Calcutts Ironworks was an ironworks in Jackfield, in Shropshire, England. It was established in 1767, and production ceased in 1828. The works became an important producer of cannon.

==Location==
The site was on the River Severn, in Ironbridge Gorge about 1 mi east of Ironbridge. The location is .

==History==
In 1767 George Matthews leased the site from Sir Onesiphorus Paul, and he built two furnaces, the bellows being operated by water wheels; the site produced pig iron. In 1778 Matthews was one of a partnership.

By 1786, when the operators were Baille, Pocock and Co., the site had two blast furnaces, which could each produce 40 tons of iron a week, air furnaces, two bar iron forges and three steam engines. The site manufactured cannon.

In that year the lease was bought by Alexander Brodie, a Scottish blacksmith from London. He closed the forge; in the foundry he produced mainly a ship's stove (his patent design) and cannon. By 1796 he was making 32-pounder cannon, and by about 1804 there were four furnaces.
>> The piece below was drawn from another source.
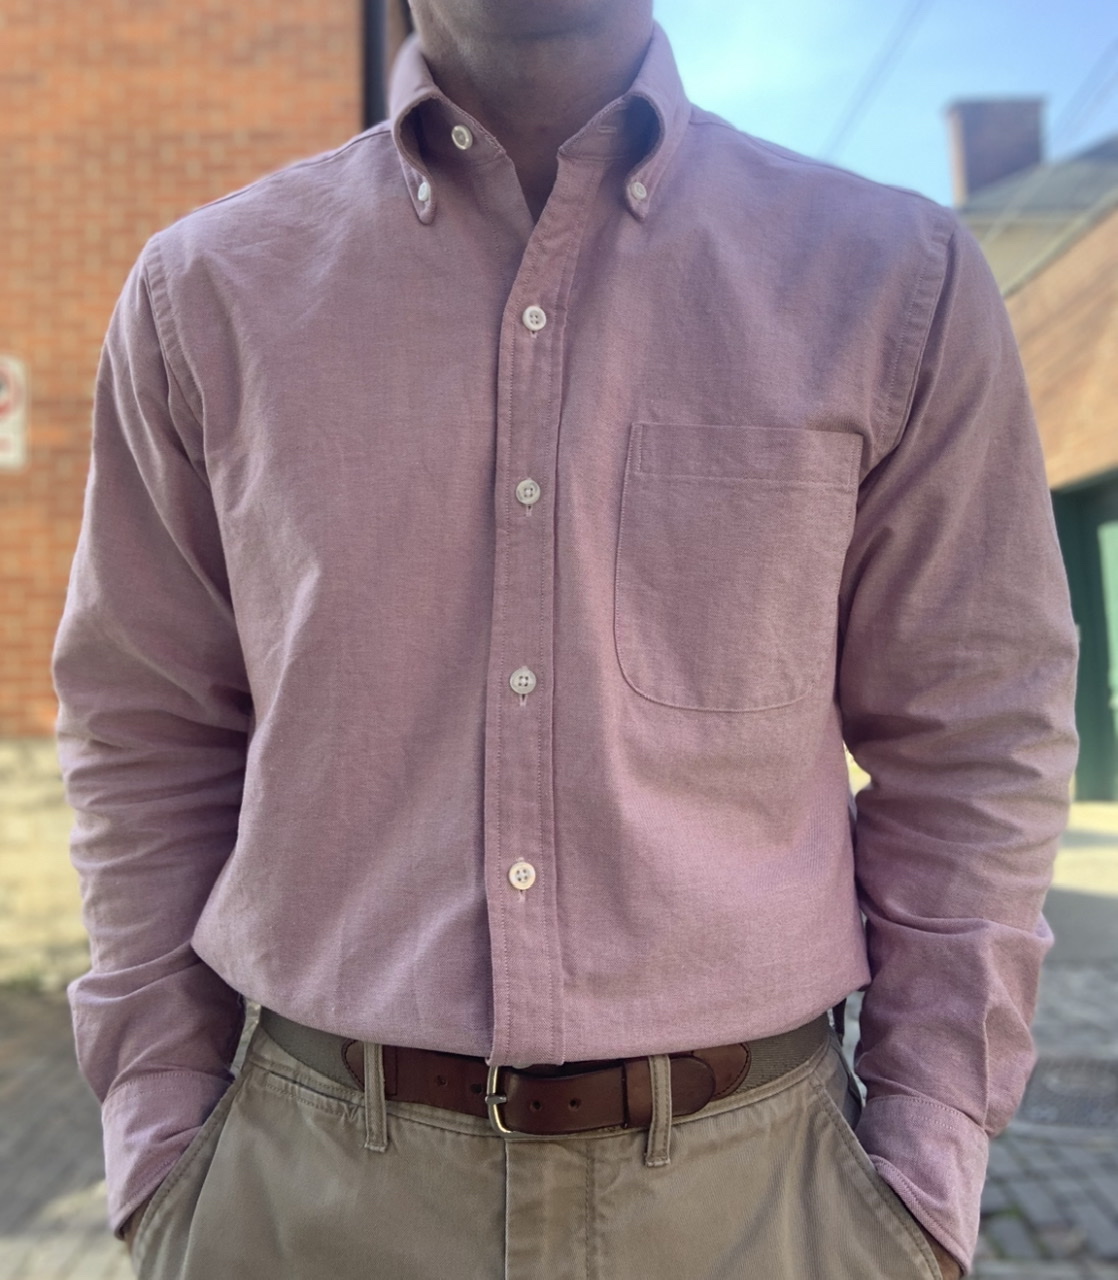 Proper Cloth - The shirt that can handle anything spring weather throws at  it? The oxford. Whether you go for the traditional solid OCBD or a fun  vintage stripe, this hardy year-round
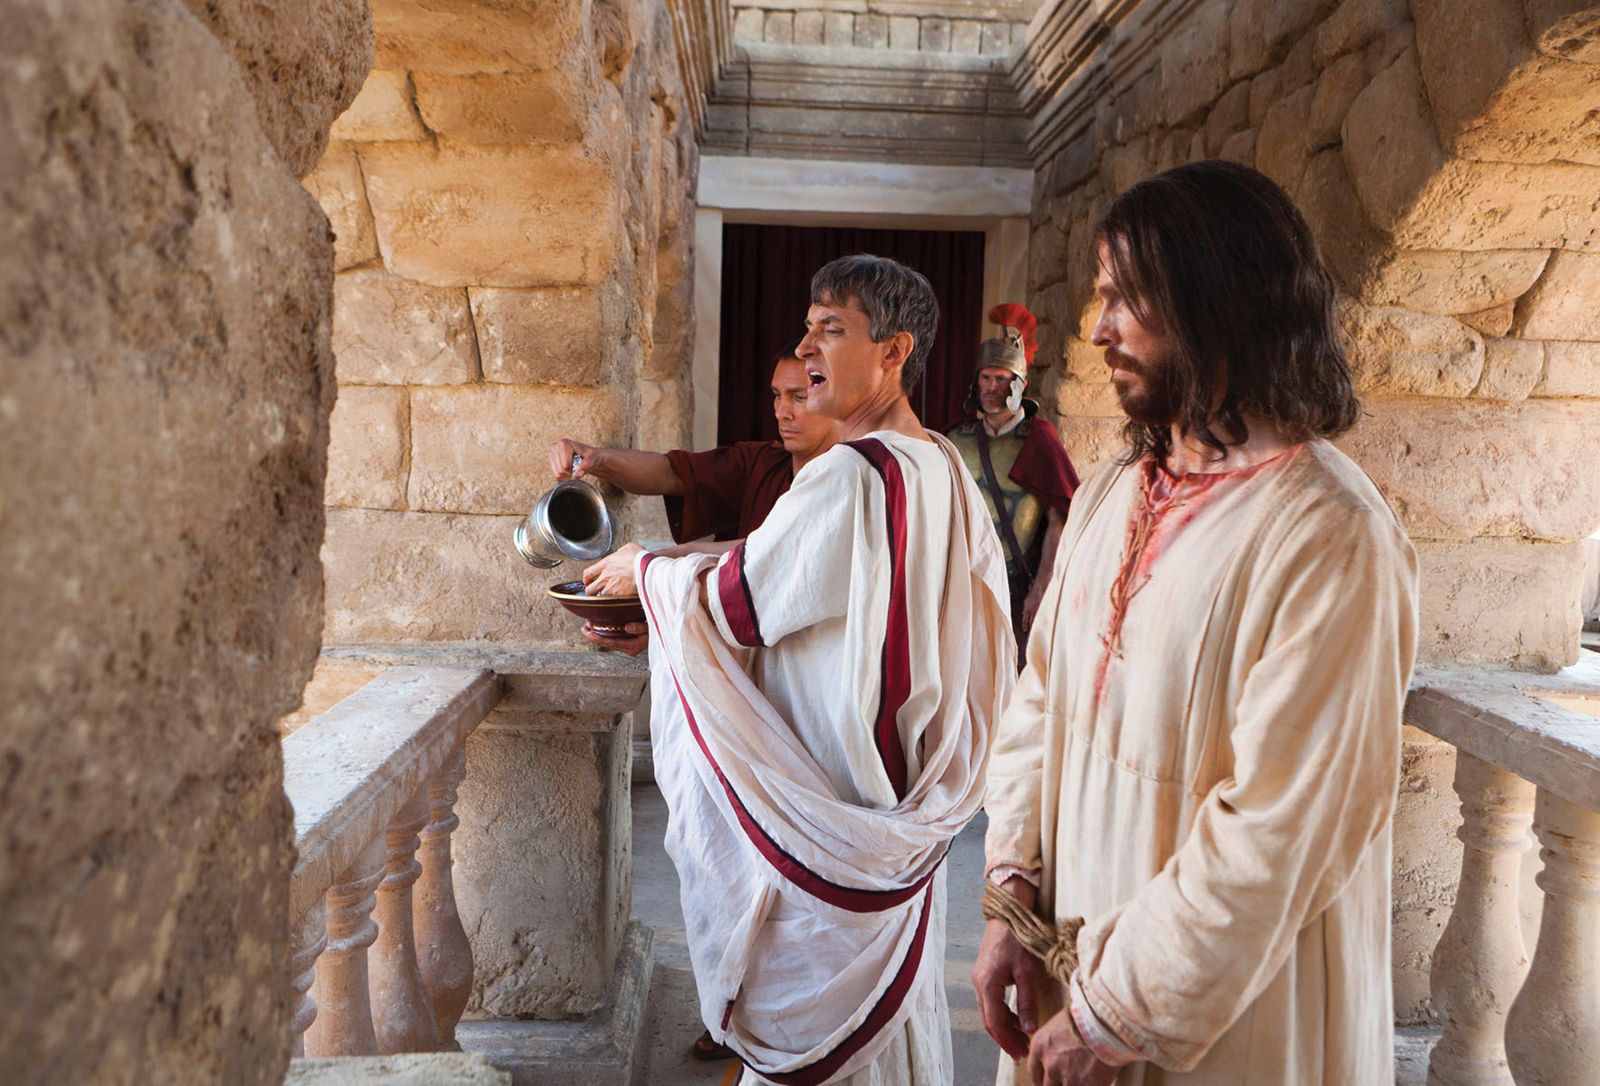 Pilate speaks to the people in the crowd and washes his hands of their accusations of Christ.

It was one of only three sites in the country with a steam-powered boring mill; cannons were bored eleven at a time. They were shipped to Bristol, for naval use. This was the period of the Napoleonic Wars; the site was visited by William V, Prince of Orange during a tour of Shropshire.

Brodie died in 1811, and his nephew, also Alexander Brodie, took over. By 1815 the works had fallen into disrepair. About 1817 the works was leased by William Hazledine, and he produced iron unprofitably for a few years. The last furnace was closed in 1828. He gave up the lease in 1831; the foundry was demolished in 1836.